It's great that this contest has been running for so long and still produces interesting new approaches, but I wish there were more work being done in the field of underhanded code contests, e.g. [0].
One area of technology that seems to have continued the work of discovering underhanded techniques is the realm of cryptocurrency, specifically the "Solidity Underhanded Contest". The results for 2020 are here[1], which links to (spoiler alert) a great trick on line 65 here[2] (select the line character by character with a mouse to reveal it).
Great example of why Unicode and source code do not mix well... it reminds me of when I taught CS courses and had a few instances of very confused students who managed to somehow get one of those "invisible formatting characters" into their files.

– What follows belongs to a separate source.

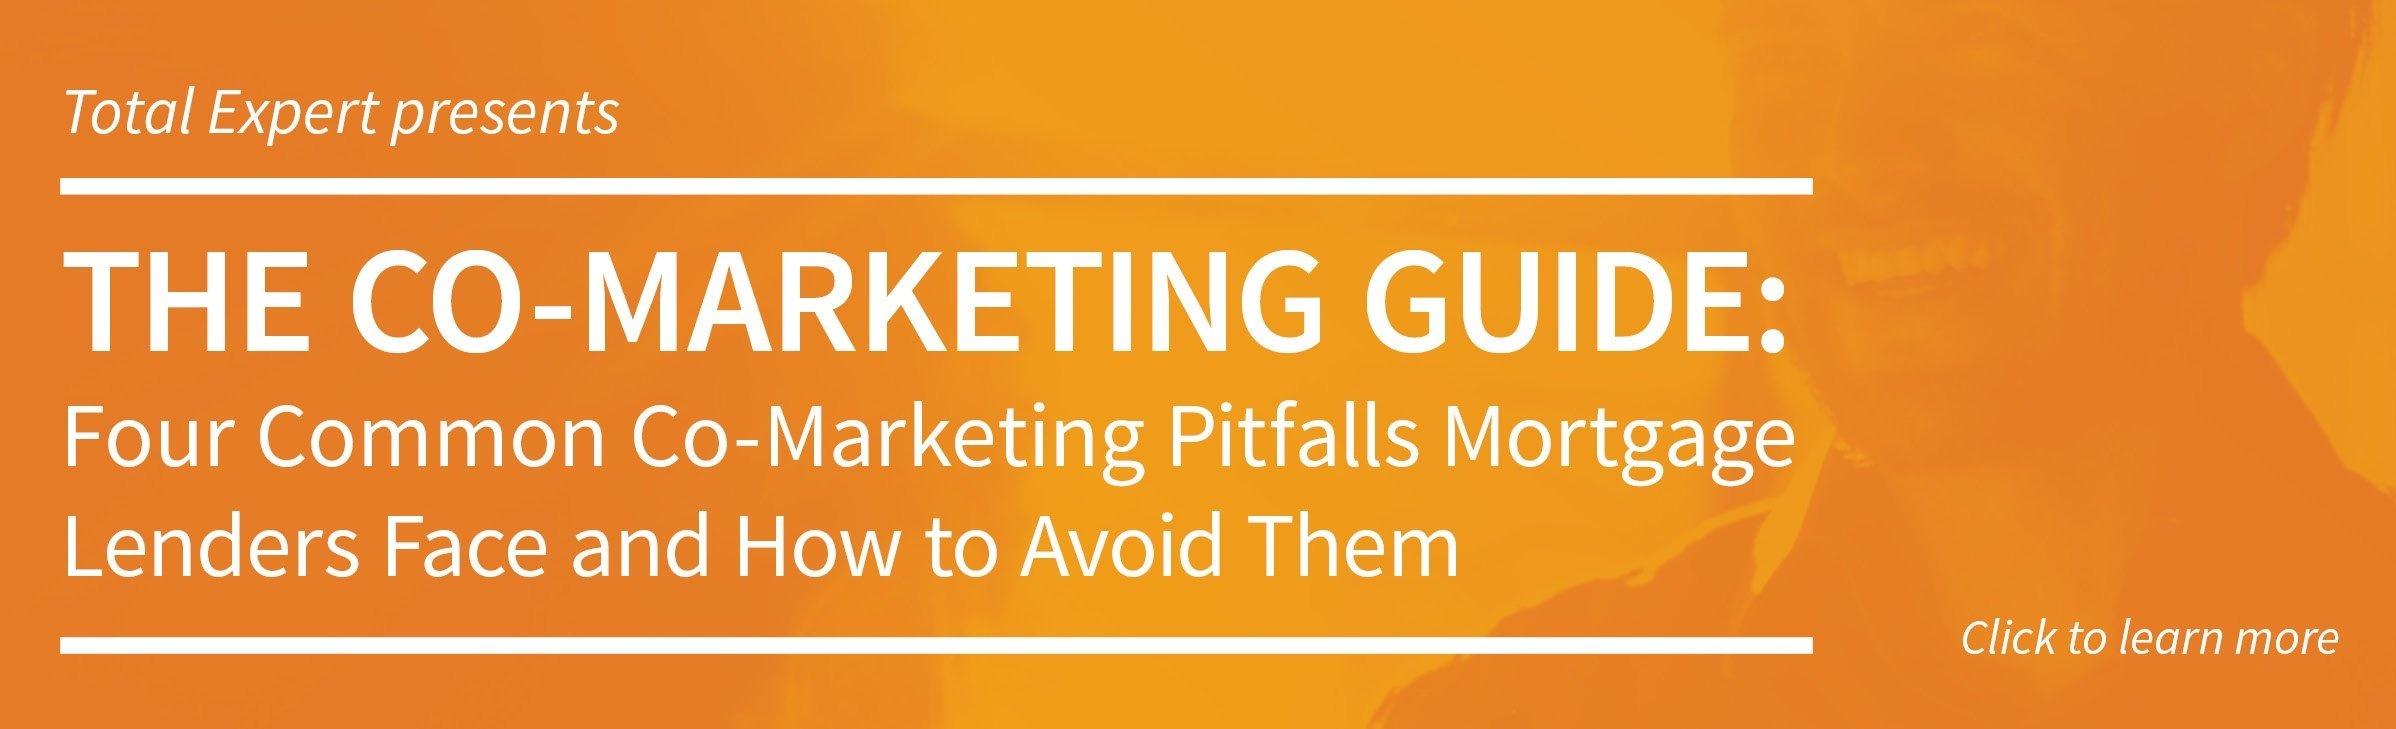 Co-Marketing Guide

Fortunately, a hexdump --- or even just an "old school" ANSI-only editor --- reveals all.
One of the strange things I've encountered is bare \r (i.e. no accompanying \n) in the middle of a line from a windows-sourced file. Don't know how they got there, just that redshift didn't like it one bit.
I think how it happens with windows is one windows editor adds \r\n and then the file is edited in an editor that isn't properly aware of the windows line ending and the \n gets deleted. I've seen this happen before. It's especially likely to happen if the file has mixed line endings.
It’s quite a common problem with pasting commands from emails (or I guess some other webpages.)
Two spaces when writing an email get converted into at least 1 non-breaking space and these make bash sad. Unfortunately there isn’t really a good way to have bash treat them as white space which is annoying.
Compose Space Space on Free OSes. It’s useful sometimes, though I wish there was a default binding for zero-width space — I resorted to a non-breaking one to unbreak a link followed by an apostrophe yesterday.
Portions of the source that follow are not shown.